2008 United States House of Representatives elections in Arkansas

All 4 Arkansas seats to the United States House of Representatives
|  | Majority party | Minority party | Third party |
| Party | Democratic | Republican | Green |
| Last election | 3 | 1 | 0 |
| Seats won | 3 | 1 | 0 |
| Seat change | Steady | Steady | Steady |
| Popular vote | 415,481 | 215,196 | 155,851 |
| Percentage | 52.8% | 27.3% | 19.8% |
| Swing | −7.1% | −12.8% | New |
| Democratic 70–80% 80–90% >90% | Republican 60–70% 70–80% 80–90% |

= 2008 United States House of Representatives elections in Arkansas =

The 2008 United States House of Representatives elections in Arkansas were held on November 4, 2008 to determine who would represent the state of Arkansas in the United States House of Representatives.

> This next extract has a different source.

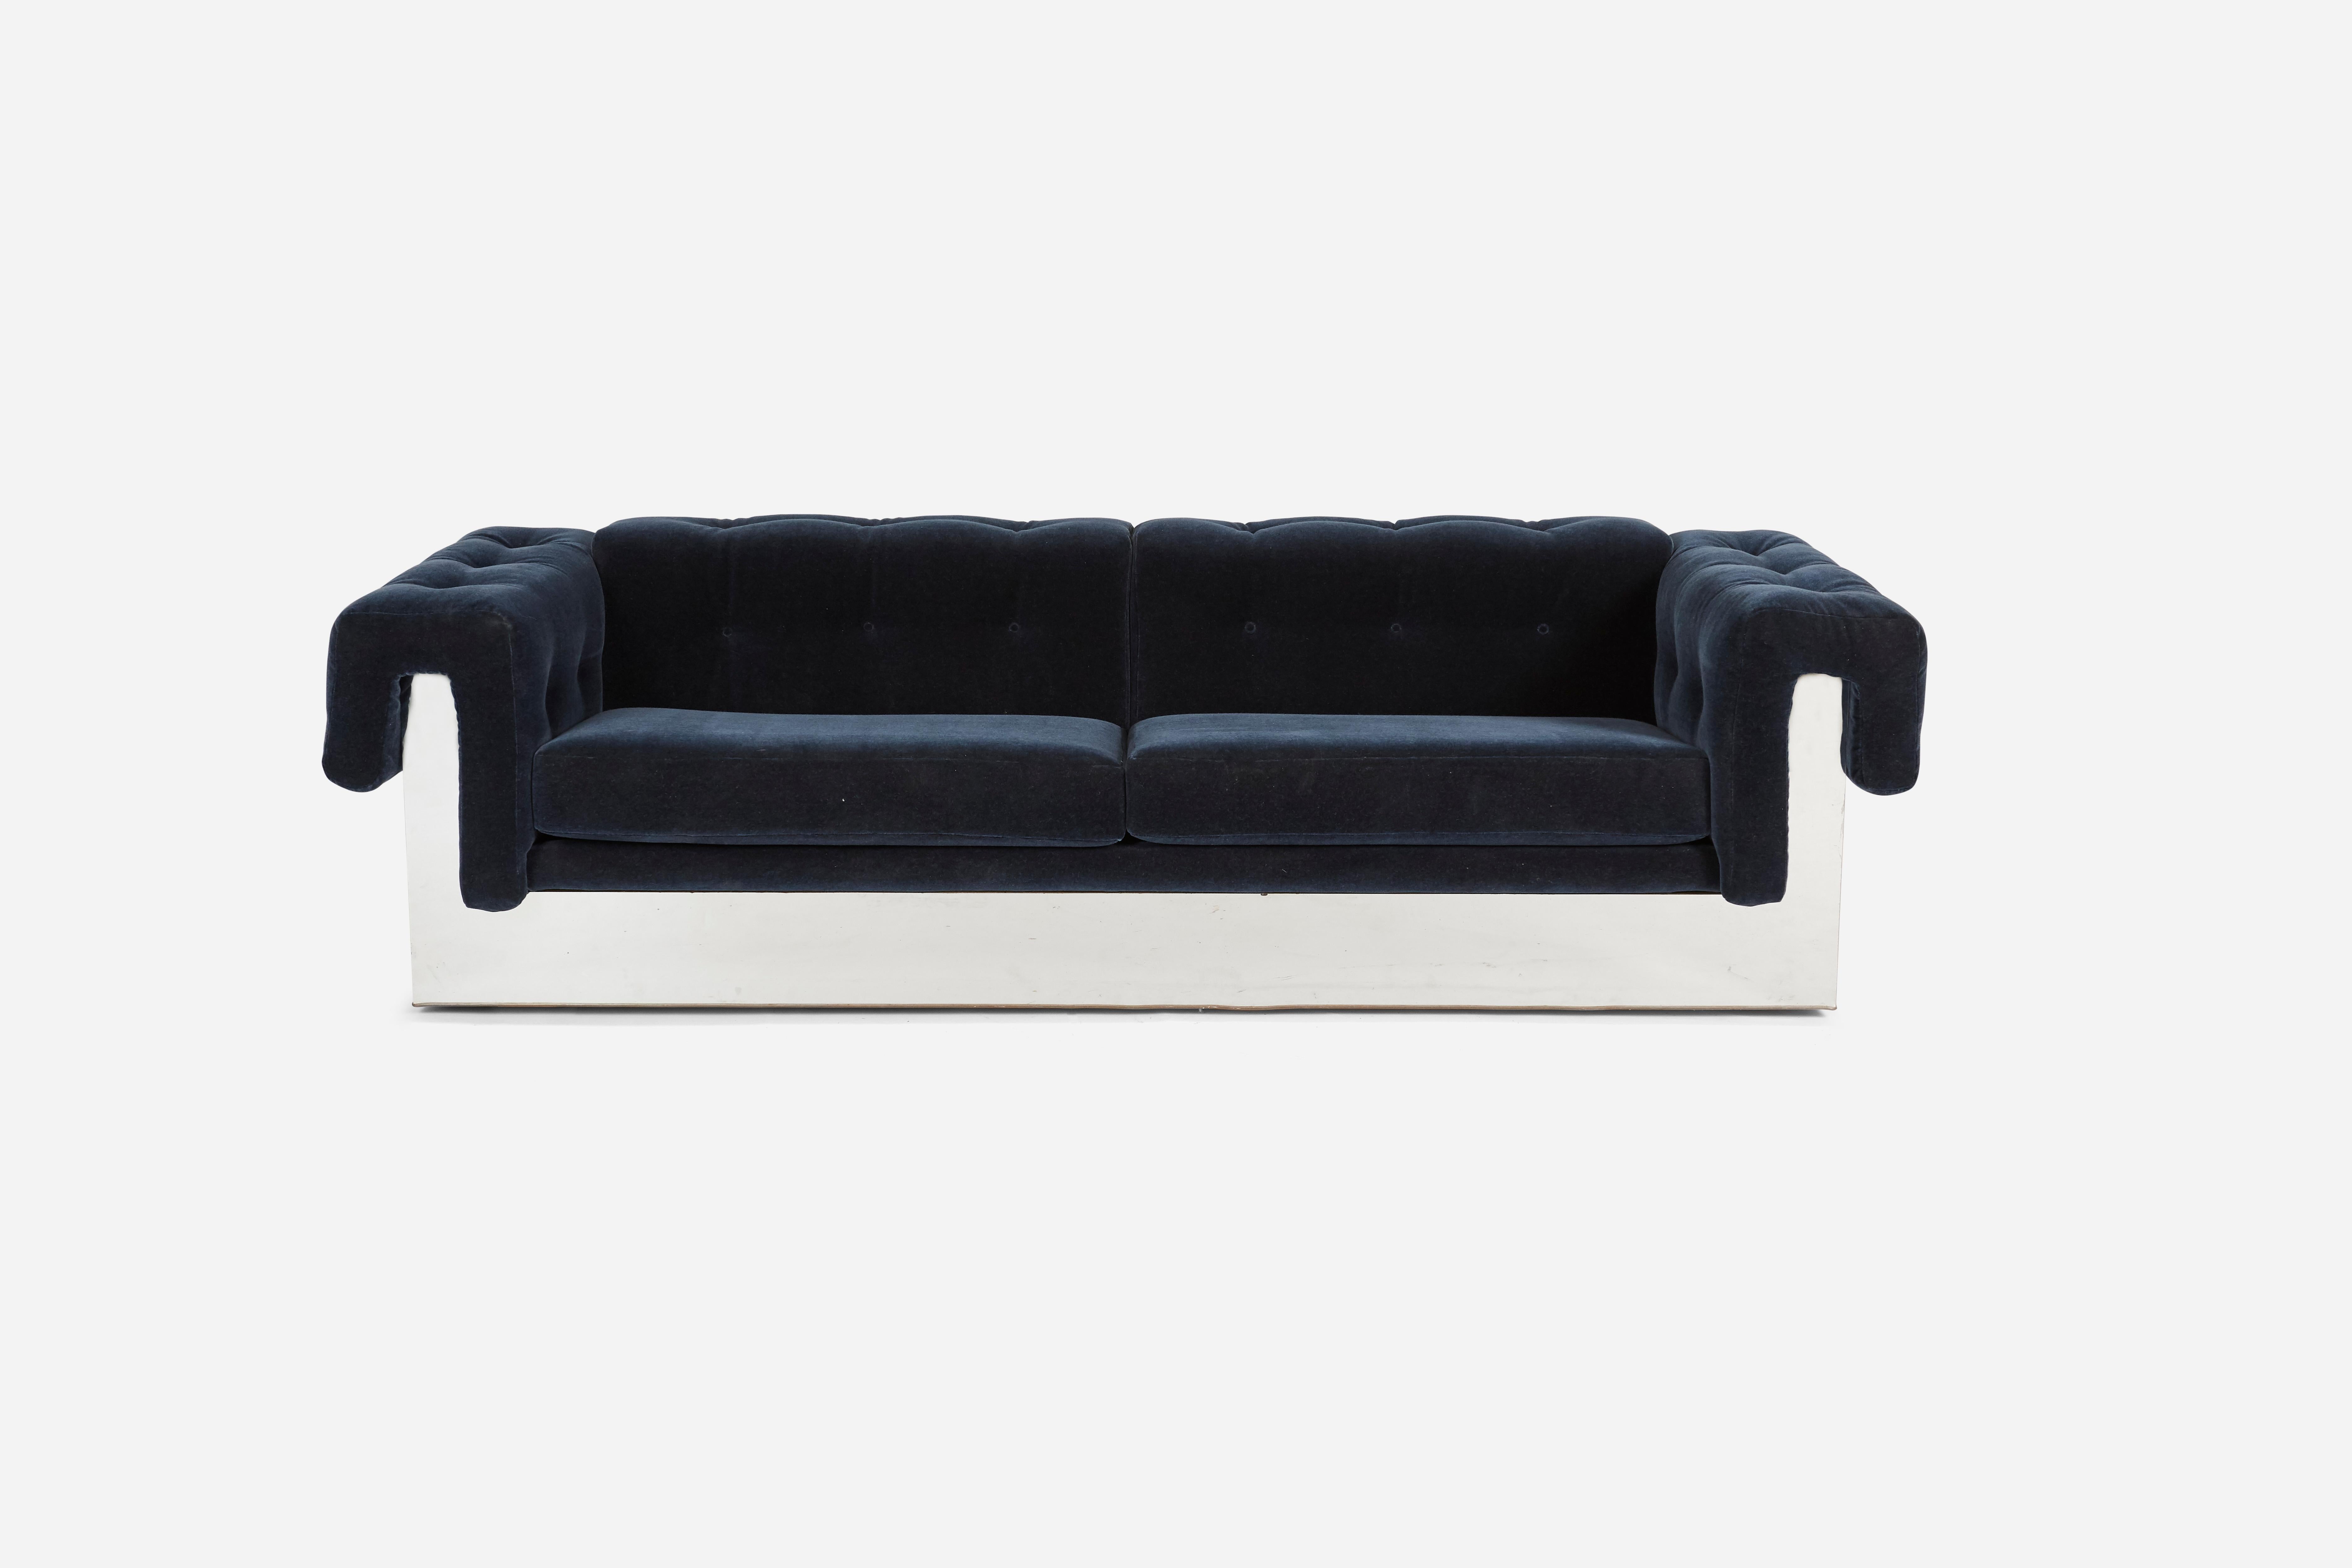 Rare chrome case sofa by Milo Baughman. Fully restored and reupholstered in beautiful blue mohair.

Arkansas has four seats in the House, apportioned according to the 2000 United States census. Representatives are elected for two-year terms; those elected served in the 111th Congress from January 4, 2009 until January 3, 2011. The election coincided
with the 2008 presidential election.

No incumbent was opposed by a candidate from the other major party. The Green Party of Arkansas was the only opponent to the incumbent in most districts. This is the largest number of congressional candidates fielded by a party other than the Democratic or Republican parties in Arkansas since the People's Party in 1894. All incumbents were reelected.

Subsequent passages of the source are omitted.